In this system, our address will be broken down like this:

Address Organization for a 4-way cache

The lowest 6 bits are the block offset. This comes from the fact that each line holds 64 bytes. This tells us where in the cache line this specific byte is located.

Next comes the set index, which tells us which of the sets of our cache to look in for this address. This is 8 bits in this example because if we have 1,024 blocks in a 4-way associative cache, then there are $1024 \div 4 = 256$ sets. Since there are 256 sets, we need 8 bits to specify which set this address maps to.

Finally the remaining bits comprise the tag. As before we use these to check that the line in the cache corresponds to the one we are actually looking for.

In this example, when we do a load and check the cache, we will take the set index and then compare the tags for all four lines in that set. If one of them matches (and is valid), then we have a cache hit. If none of them match, we have a cache miss.

Replacement Schemes

Associativity introduces a new problem for us: how do we determine which block to replace when one is loaded in? In a direct-mapped cache this does not come up, because there's only one place each line can go. In an associative cache we have a choice from any cache block in a fully-associative cache to $N$ blocks in an $N$-way associative one.

What we would want to do is replace the line that was accessed the longest time ago. Temporal locality tells us this line is the one that we are least likely to need again in the future. This scheme is called "Least Recently Used" or LRU. The problem is that LRU is relatively expensive to implement. Each cache line will need a counter telling us when it was accessed relative to others. In an 8-way associative cache this would need to be a 3-bit number. On every cache access, we would need to update all of the counters in the set.

Let's say the current state of the counters for lines in a set looks like this:

Set	Counter
0	6
1	2
2	5
3	3
4	0
5	1
6	7
7	4

The lower the counter value, the more recently we accessed the cache line. So in this case, if we need to replace one of the lines in this set, it should be the one in block 6, since that one was accessed least recently. Then, we need to set the counter for that line to 0, and then increment all of the other counters. This is why LRU is costly to implement — we need to put in adders for all of the blocks in a set to do the increments.

Instead, we can use a so-called "pseudo-LRU" scheme which approximates true LRU. In one such scheme, we simply store one bit for each block in a set, called the MRU bit. Whenever we access a line in a set, we set this bit to 1. This might look like this:

Set	MRU
0	0
1	1
2	1
3	0
4	0
5	1
6	0
7	1

Here, we have accessed blocks 1, 2, 5, and 7 more recently than the others.

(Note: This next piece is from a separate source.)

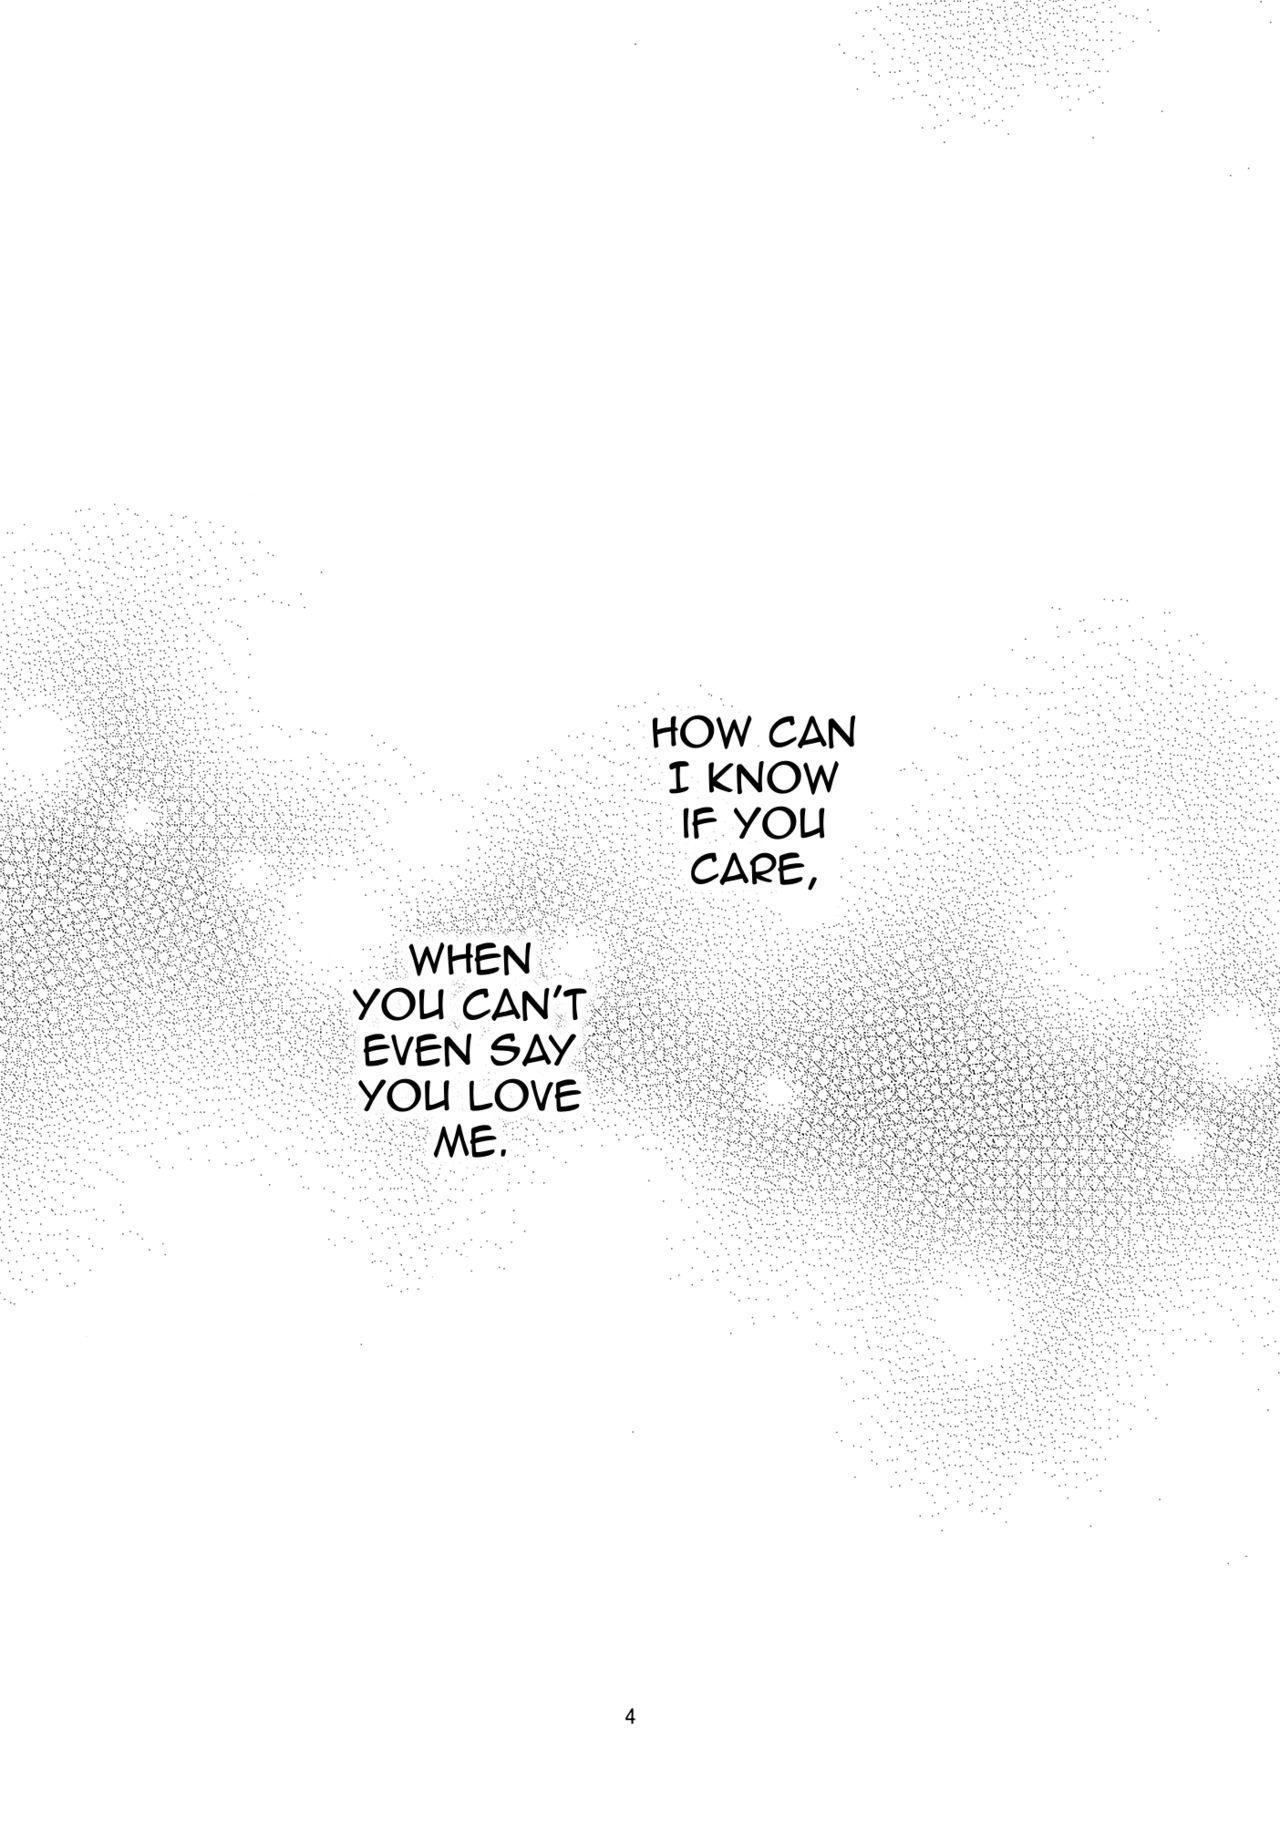 Sozoro na Ai no Kakushikata. | How can I hide this drowning love? 2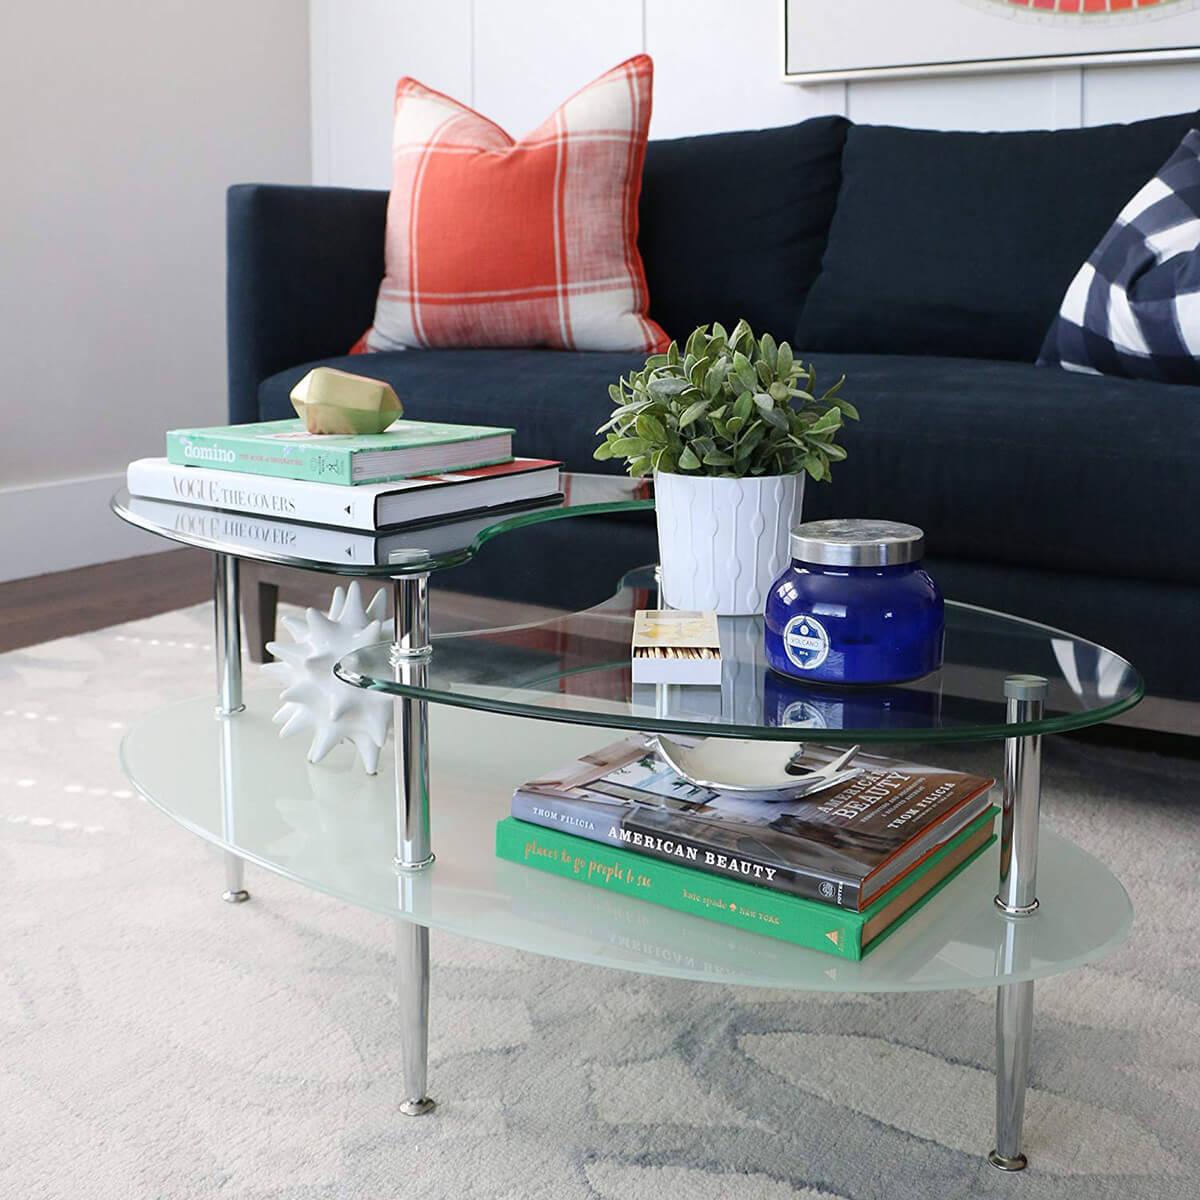 Futuristic Glass and Oval Shaped Table

When it comes time to replace a line, we will thus choose the first one with a 0 MRU bit, setting that ones bit to 1. Eventually all of the MRU bits will be 1, at which time we will set them all back to 0.

This is not true LRU, but is much simpler to implement and will not replace the most used lines most of the time.

Summary

Caches store the most used memory values in a small, fast memory structure to improve the performance of load and store instructions.
They work do to locality of reference. Programs do not access memory uniformly, but rather access the same areas again and again.
Caches break the address up into different values to work. The rightmost bits tell us where in the line this address is. The next number of bits tell us where in the cache to look for this line, then the remaining bits are a tag which we use to verify if the line is the correct one.
In a direct-mapped cache each cache line can only be mapped to one location. This can cause contention if a program accesses multiple locations mapped to the same cache line.
Associative caches reduce contention by providing more blocks each line can map to. The higher the degree of associativity, the less contention but the more blocks we need to compare the tag to.
With associativity we must also have a replacement scheme. Replacing the least recently used line is usually the goal, but most caches use simpler schemes that approximate LRU.